Using AB! Ab is a command line tool created by the Apache project. Typically, I use something like:
- ab -n 10000 -c 200 http://yourawesomewebsite.com/someURL
Which performs 10,000 HTTP requests, 200 concurrently at any given time. Once it’s finished testing it will give you a report. I recommend trying with only one server in the nginx configuration, and adding one between tests. This allows you to see how much performance you will gain as your user base grows. I’ve tested my site with around 4,000 concurrent users and it holds up like a champ.
If you’re not seeing any performance enhancements at all, make sure the load balancing is working: type
- pm2 logs all
On the server, and perform ab again. If you log HTTP data, you should see various servers showing requests, like so:
I’ve noticed a +80% speed up with every process I add to the load balance, as long as I have the CPU cores to support it.
I’ve load balanced and now I’ve found a bug I need to fix!
Load balancing with nginx adds a very neat feature: If nginx detects that a process is no longer responding, it marks it as failed for a certain timeout (depending on your configuration). I believe it’s around 15 seconds by default. This adds the ability for us to take processes down individually and allow upgrades.

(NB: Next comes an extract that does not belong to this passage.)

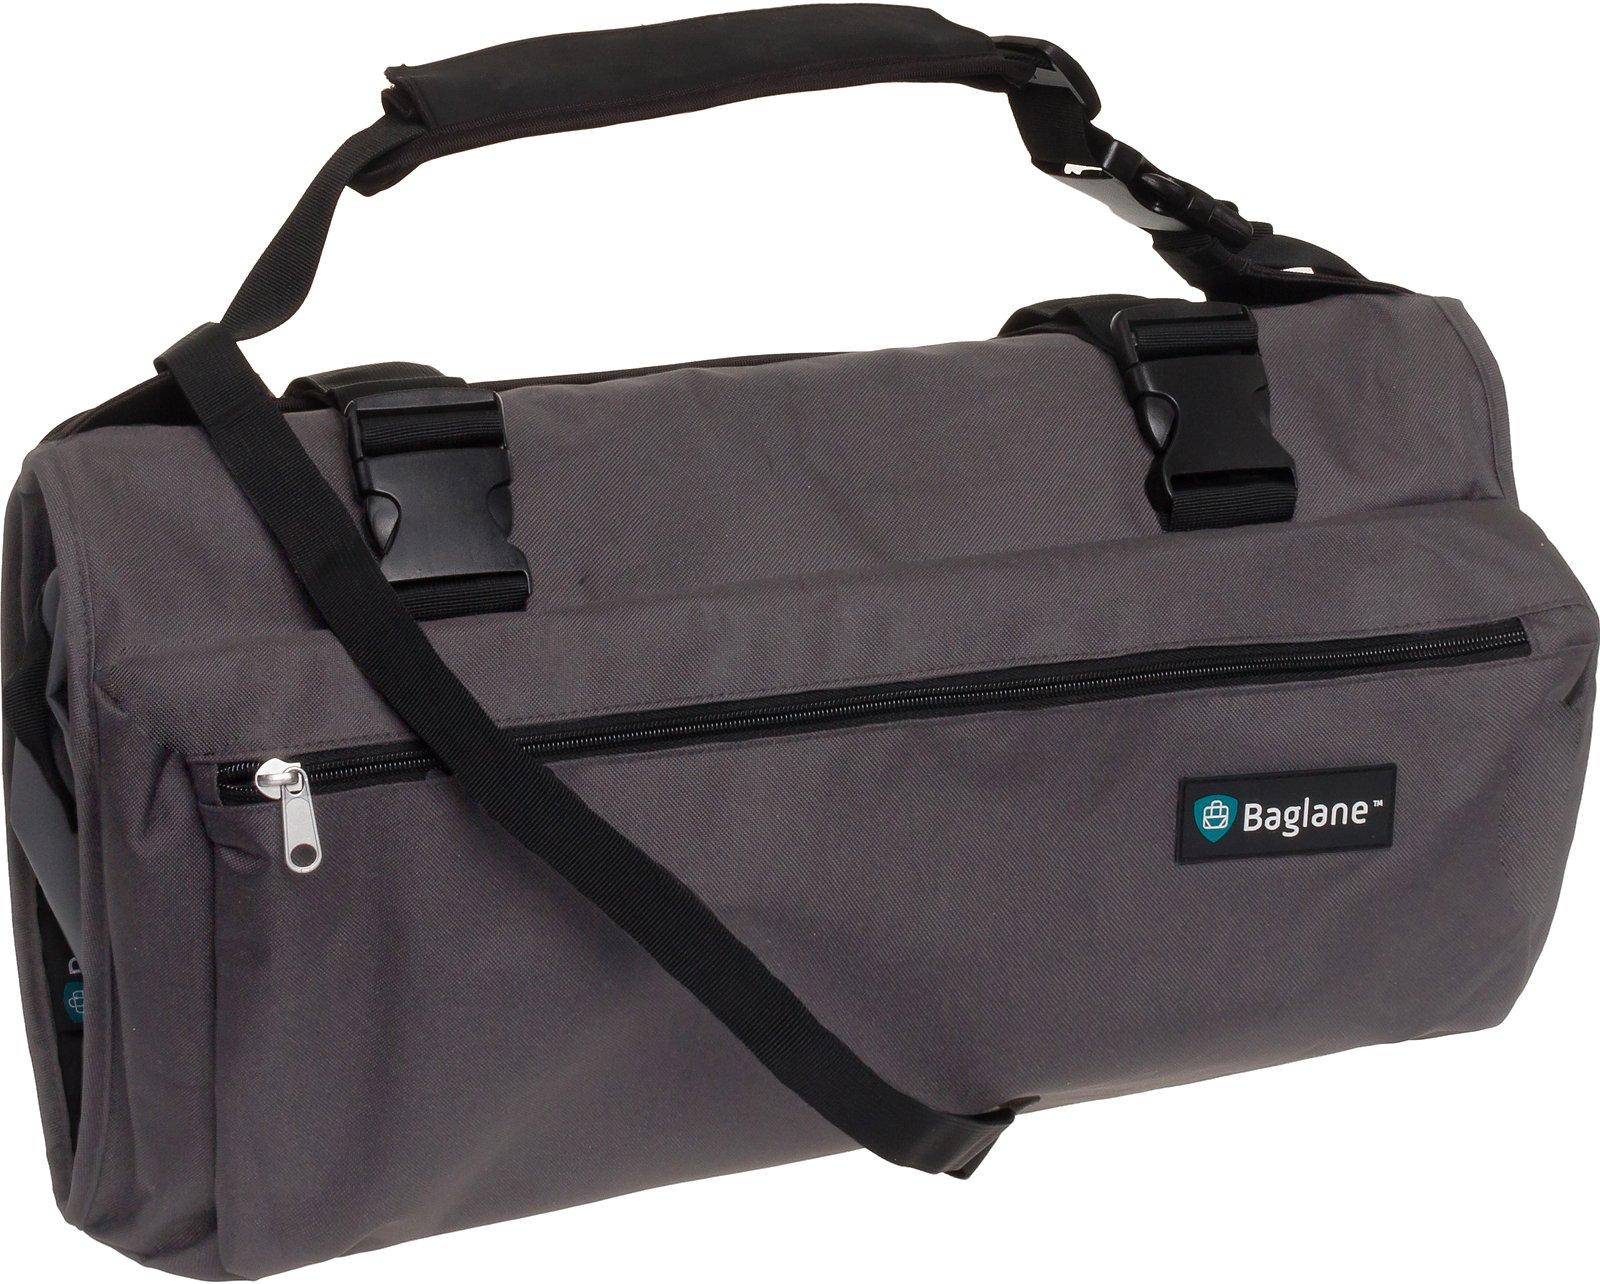 Baglane Garment Suit Bag by Travel Carry On Garment Bag (Grey)

So go ahead and fix your code locally, push it to git, and do the following. And by do the following I mean write a script to do this for you:
- Go to the apps code base, and pull the latest version you want to deploy.

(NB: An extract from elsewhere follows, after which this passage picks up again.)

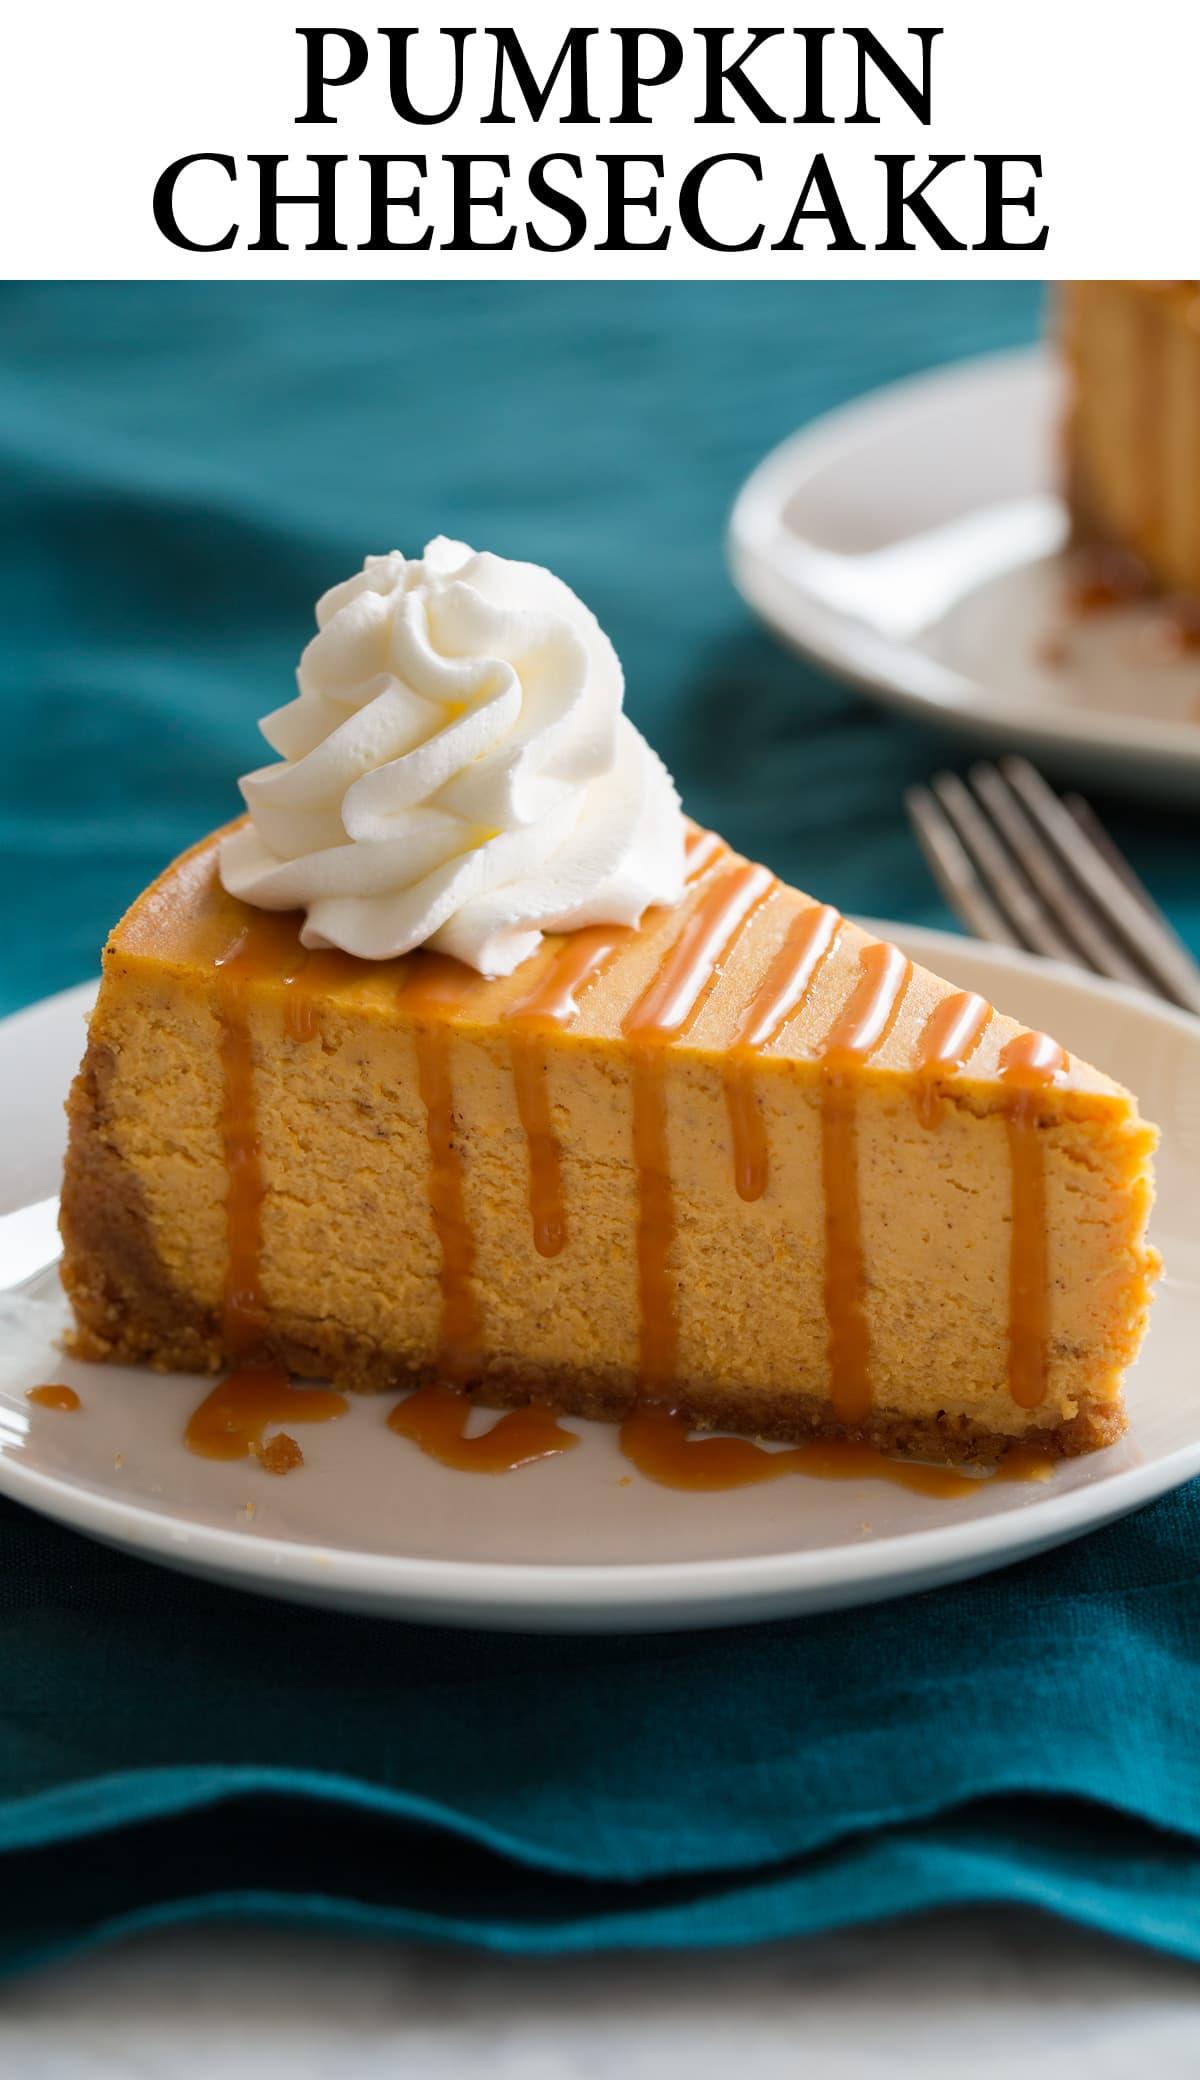 Pumpkin Cheesecake Recipe Cooking Classy

- Perform an AB test during this. Watch what happens.
If you did the ab test correctly, you will notice that all requests were served, with zero downtime, and your code was updated! That’s an extra added benefit of load balancing. As long as one process is alive, your requests should be fulfilled.
- Performing an AB test during this is a good way to prove that you are having zero downtime. You don’t have to crank the settings up too high. Ensure that your requests are succeeded and you’re not receiving non-200 responses. I wouldn’t do this for live code pushes to production, just as testing the concept.
Holy crap I wrote a blog! I hope you’ve enjoyed it. If you have any notes or see an errors, please email me at email@example.com.
Thanks so much for reading! I plan on writing about some other topics, some lengthy, some short. If you want me to talk about something, send me an email and if I’m familiar with the topic I’ll give it a go.
- *I don’t care about DBs so please never ask me which I prefer
- **There are ways to do it as a regular user… but I wouldn’t.
- Thanks to /u/nschubach for pointing out a mistake, ports 1–1023 are privileged, not 1–1000.